**PROBLEM TO WORK ON**
In the material below, begin at the line that has "Bharat Sanchar Nigam", stop after the line that has "泸州老窖酒厂泸州老窖酒厂——中国传统酿酒文化的代表", and transcribe those lines exactly, without pictures.

**PROVIDED RECORDS**
=-=-=

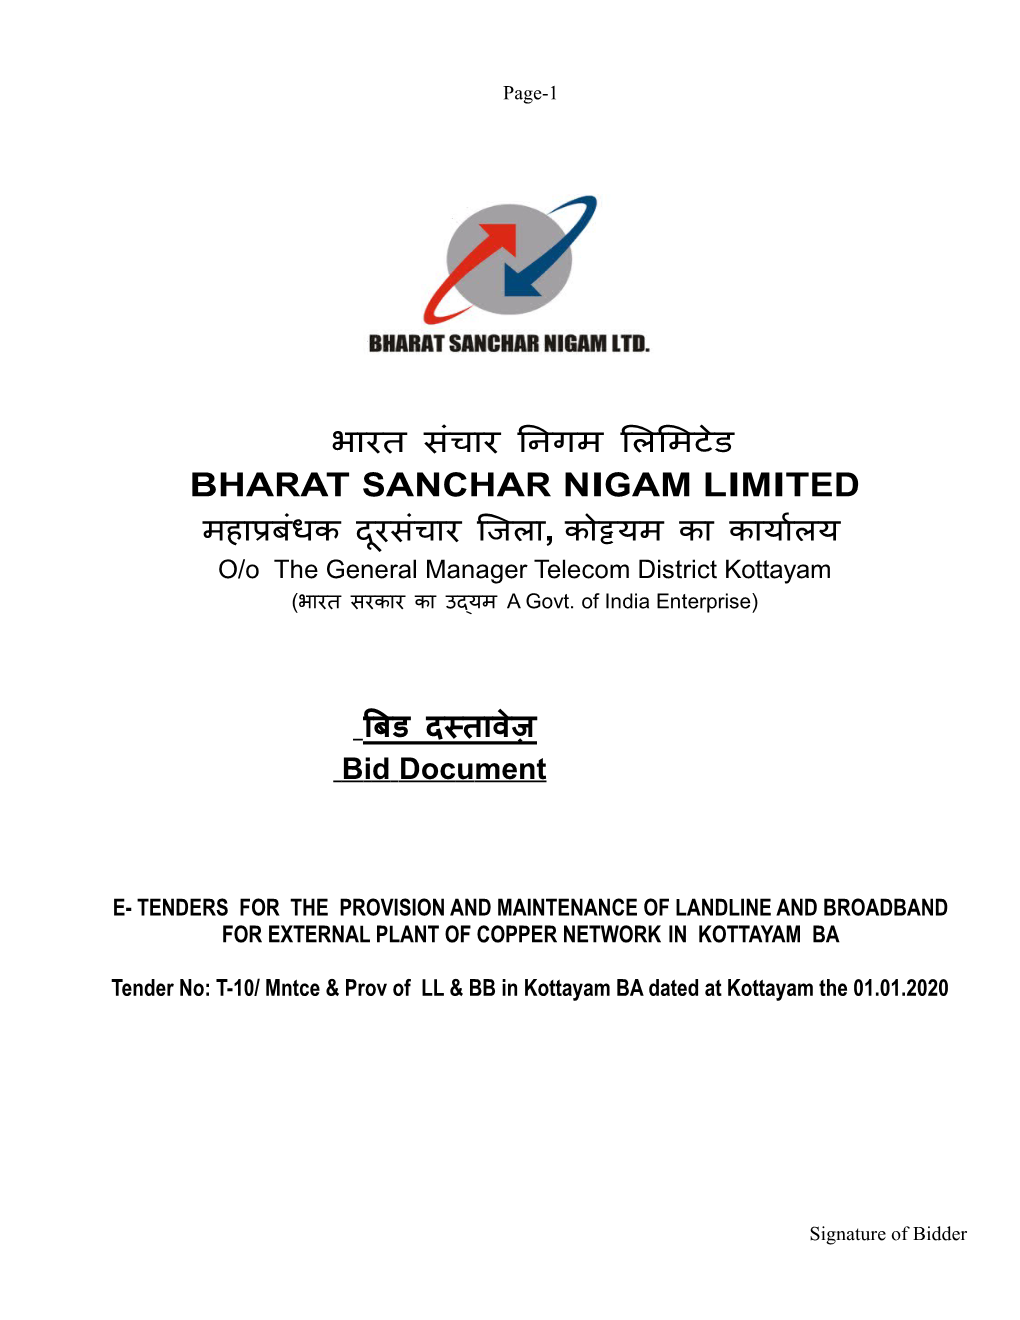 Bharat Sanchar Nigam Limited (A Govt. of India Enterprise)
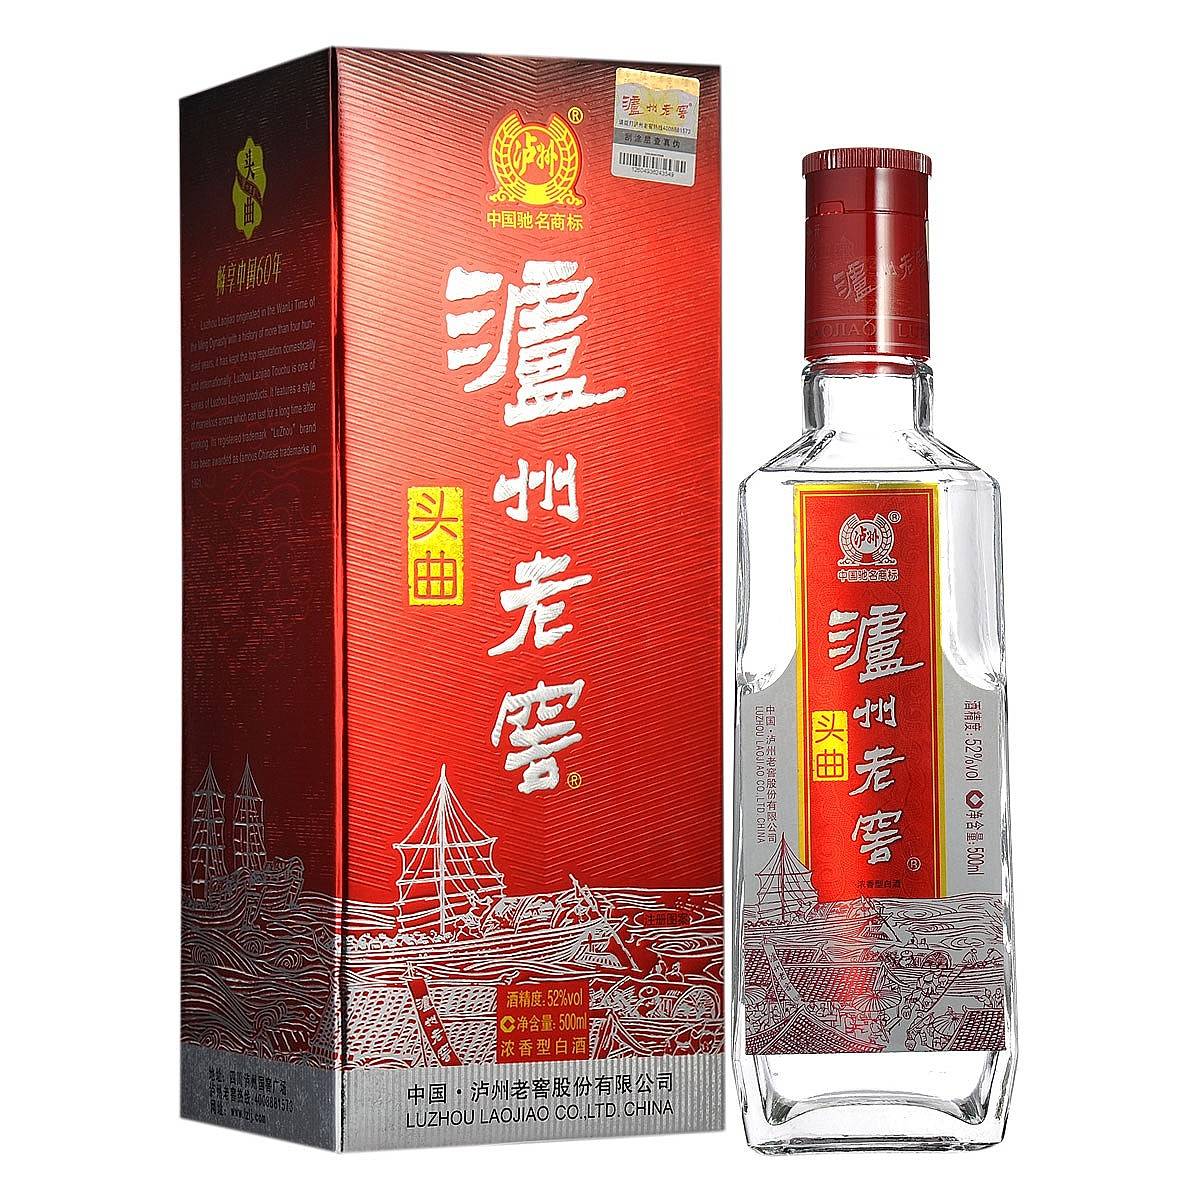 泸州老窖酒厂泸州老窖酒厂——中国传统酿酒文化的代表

=-=-=

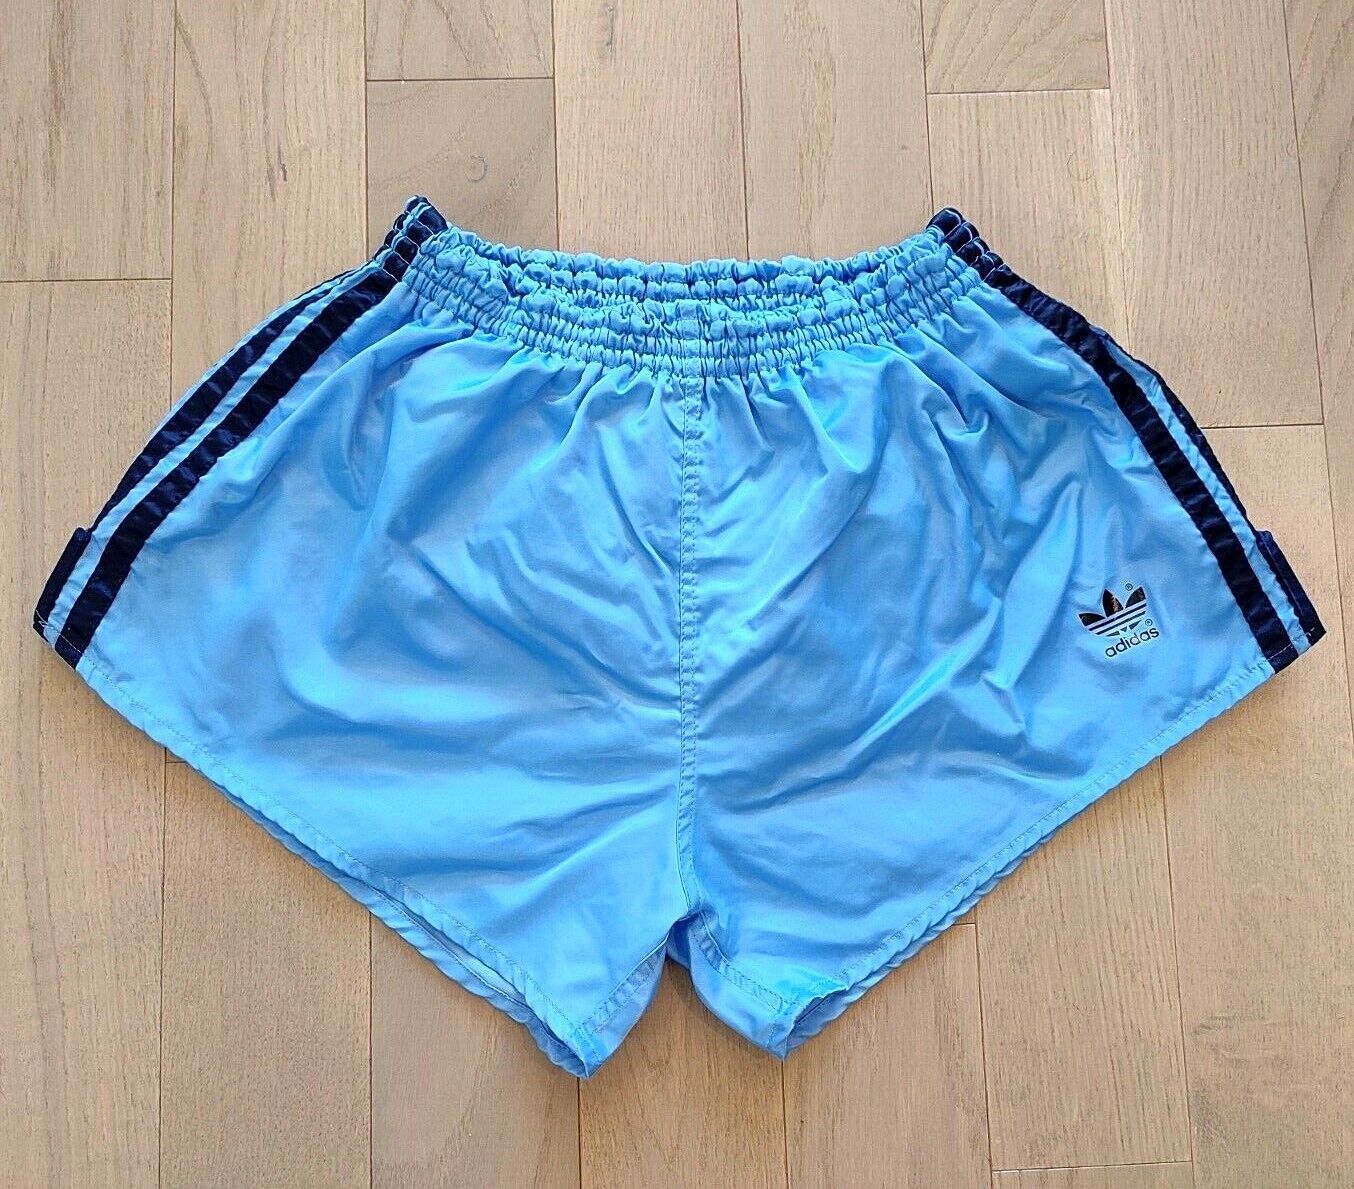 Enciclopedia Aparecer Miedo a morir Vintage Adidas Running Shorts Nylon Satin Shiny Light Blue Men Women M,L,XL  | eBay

=-=-=

**EXERCISE RESULT**
 Bharat Sanchar Nigam Limited (A Govt. of India Enterprise)
 泸州老窖酒厂泸州老窖酒厂——中国传统酿酒文化的代表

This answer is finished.